By the end of the session, Andy Glass encourages attendees to explore the possibilities of integrating human input into their applications through MTurk, inspiring curiosity about leveraging crowdsourced labor effectively in software development. He leaves the audience with a sense of achievement that through collaboration and effort, software developers can create impactful solutions that push their boundaries.

00:00:11.420 All right, how are we doing, RailsConf? Thank you all for coming.

00:00:18.720 I know there are a lot of other great sessions right now, so I appreciate you being here with me.

00:00:25.380 My name is Andy Glass, and I'm a Brooklyn-based Rubyist.

00:00:32.070 I spend a third of my time as an entrepreneur, I'm a nomad, I'm a maker, and I'm also a Guinness World Record adjudicator.

00:00:38.160 So, I feel I’m perfectly suited for this unusual Rails app track.

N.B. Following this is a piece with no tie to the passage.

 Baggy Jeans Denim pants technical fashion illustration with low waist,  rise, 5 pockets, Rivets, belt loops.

00:00:44.219 I’m here to talk about how to create a human-powered API with Ruby on Rails and Mechanical Turk.

00:00:49.350 So first, why are we talking about MTurk? Who has heard of MTurk? Show of hands.

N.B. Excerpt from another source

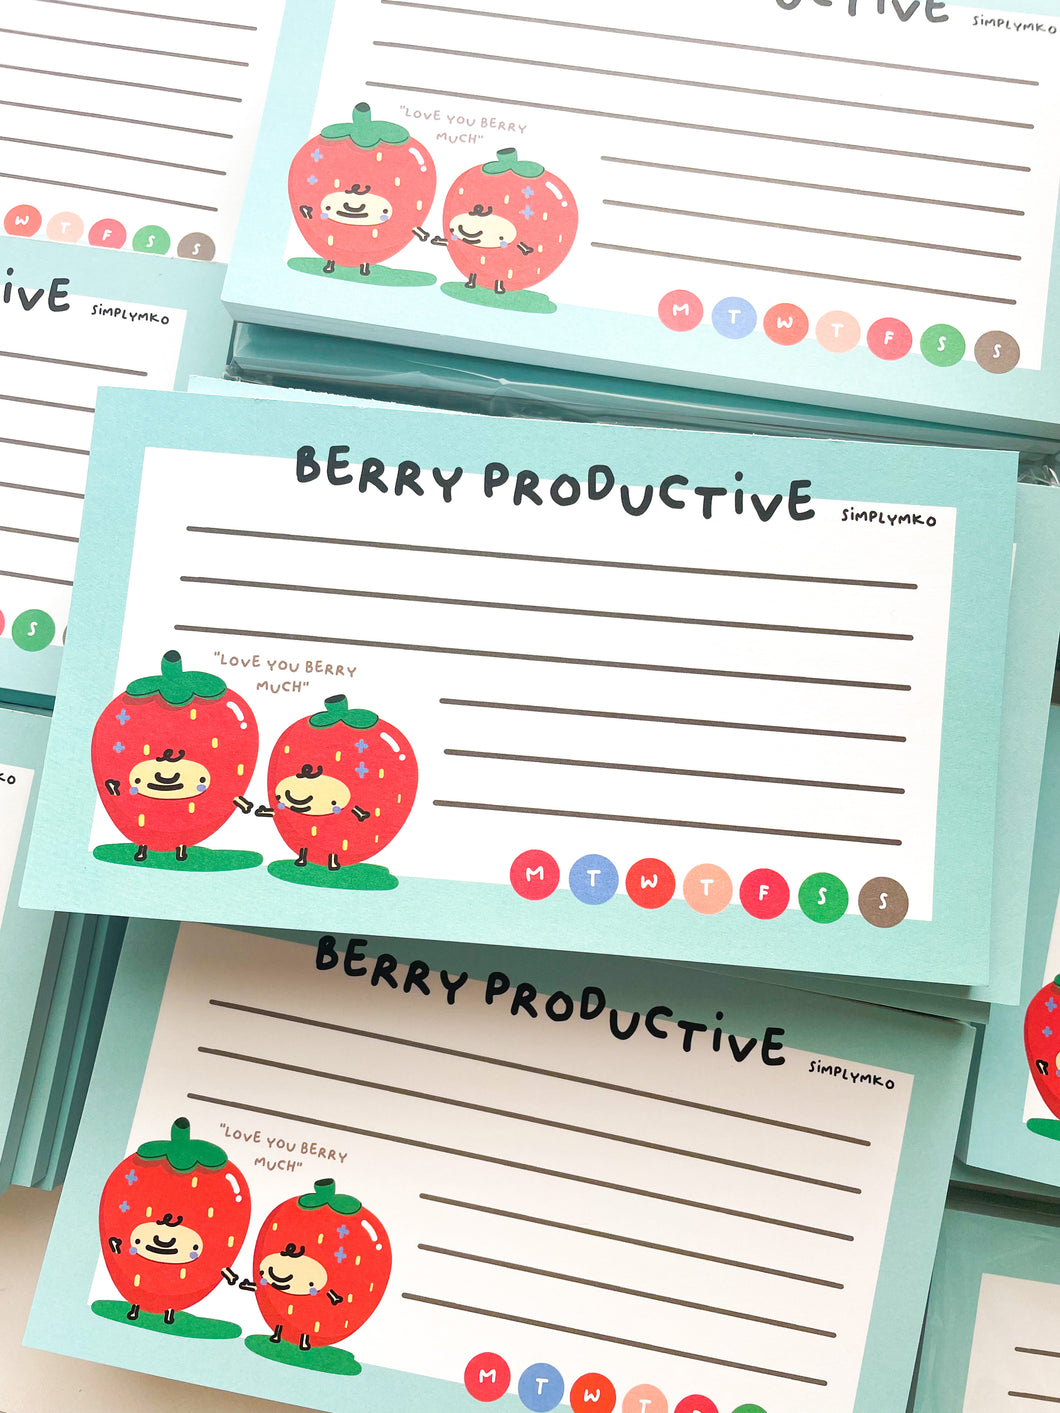 Berry Productive Notepad

00:00:55.170 Nice! A lot of people. And who’s actually using MTurk?

00:01:01.440 Okay, a few people. Come on in!

00:01:06.990 So yeah, I briefly ran a company that built custom APIs off of Turk to clean data, but it failed miserably.

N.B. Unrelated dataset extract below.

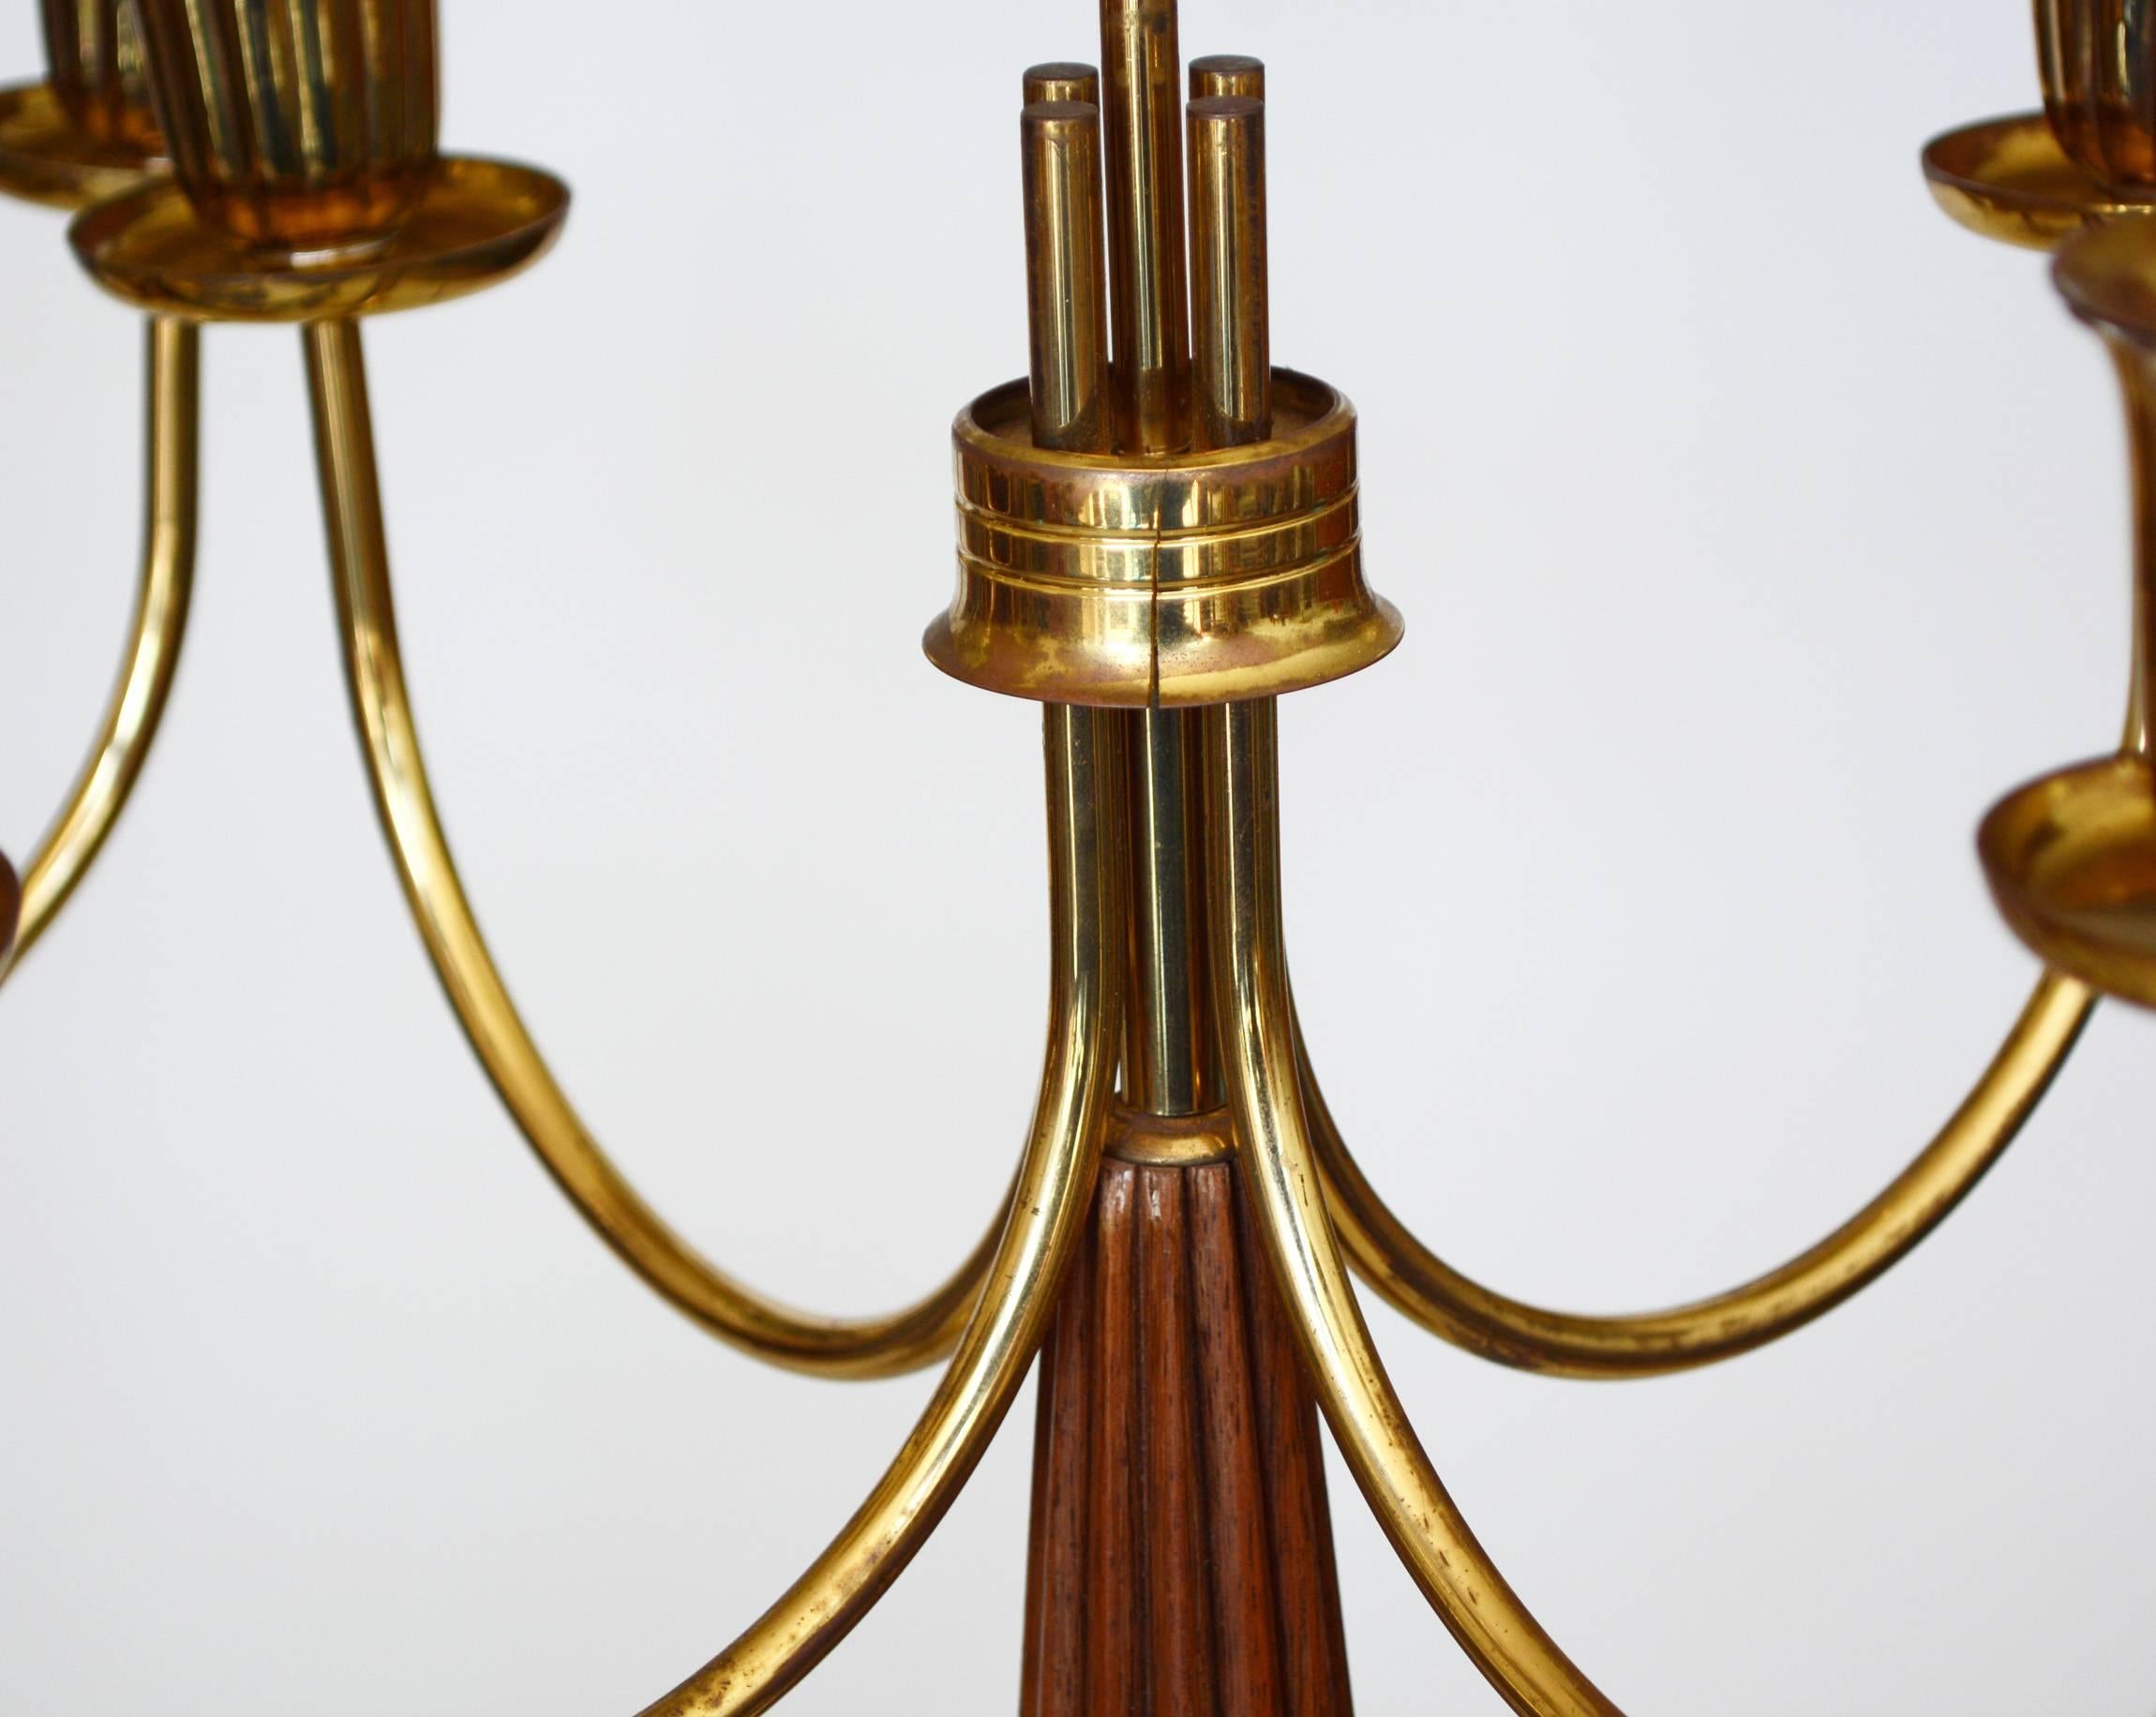 Brass Dorlyn Silversmith Candelabras Attributed to Tommi Parzinger

00:01:12.299 However, I found it to be an interesting enough experience that I wanted to create a talk about it.

00:01:18.360 The gist is that you can integrate with MTurk, which provides a scalable, 24/7, always-available workforce.

00:01:24.479 Though there is some controversy around Mechanical Turk, which we’ll get to.

00:01:31.439 First, I want to express my gratitude to Rails.

00:01:36.750 I owe everything in my career to you all, not just any of you personally, but to the Rails community at large.

00:01:42.270 I’m so thankful to be a part of this community. It’s an honor to speak at RailsConf for the first time.

00:01:49.799 Being a programmer has given me the financial freedom to live an unusual life.

00:01:57.479 More importantly, it has given me the confidence to pursue unusual pursuits.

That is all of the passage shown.